Protezione solare, a quale fototipo appartieni? A cosa fare attenzione per non rovinare la pelle? Ecco alcuni consigli utili.

La protezione solare: a quale fototipo appartieni?

Protezione solare: il sole è un fattore importantissimo per la nostra salute ma ci si deve esporre ad esso con la massima attenzione e seguendo tutte le precauzioni che la nostra epidermide richiede.

Il nostro fototipo e le protezioni solare da usare

Con l’arrivo dell’estate ed il desiderio di “tintarella” si ripropongono i consueti interrogativi su che tipo di filtri solari scegliere e come usarli. Ognuno di noi, per la propria pelle, ha bisogno di uno specifico fattore protettivo basato sul fototipo di ciascuno; questo parametro, risultante da alcune caratteristiche individuali come il colore degli occhi, dei capelli e della carnagione, è indispensabile quale potrà essere la reazione della pelle all’esposizione ai raggi solari; per quelle più chiare, magari in presenza di più nei, è fondamentale una maggiore protezione mentre per quelle più scure, quindi in grado di produrre autonomamente una maggiore quantità di melanina, ne può bastare una più leggera.

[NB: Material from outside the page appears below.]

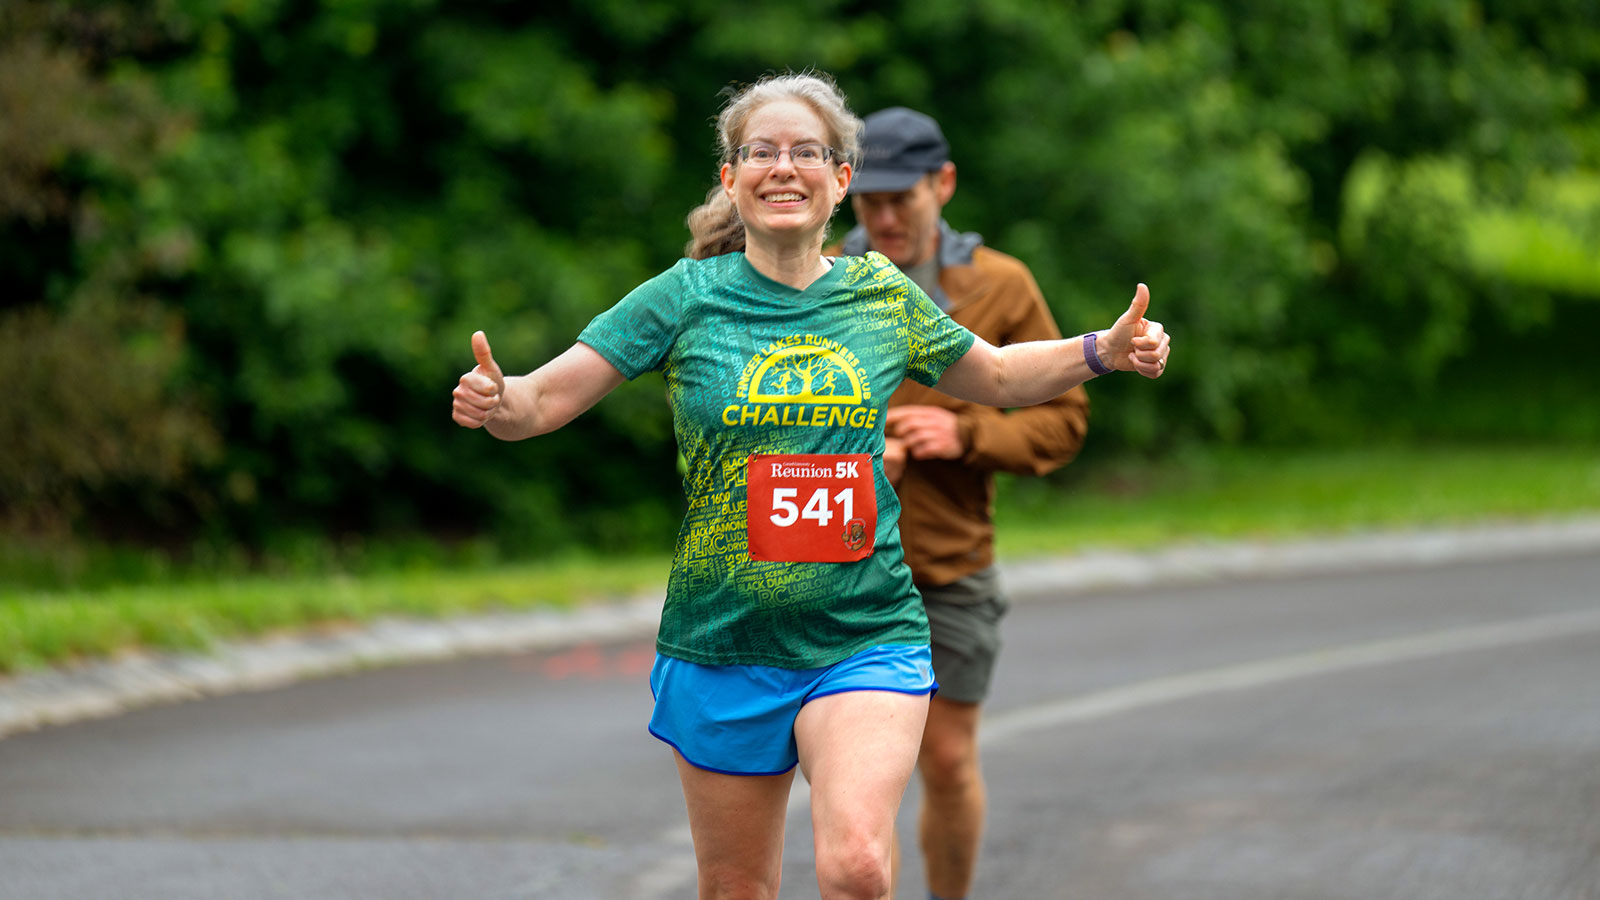 a participant in the Reunion 5K Run

Le applicazioni debbono avvenire almeno 30 minuti prima dell’esposizione al sole ed essere ripetute periodicamente durante la giornata; al termine dell’esposizione, per reidratare l’epidermide comunque asciugatasi, è bene utilizzare un dopo sole anche se per evitare un invecchiamento della pelle, è bene ricordare che, oltre la “tintarella”, sono da evitare eritemi e scottature che potrebbero essere propedeutici al melanoma.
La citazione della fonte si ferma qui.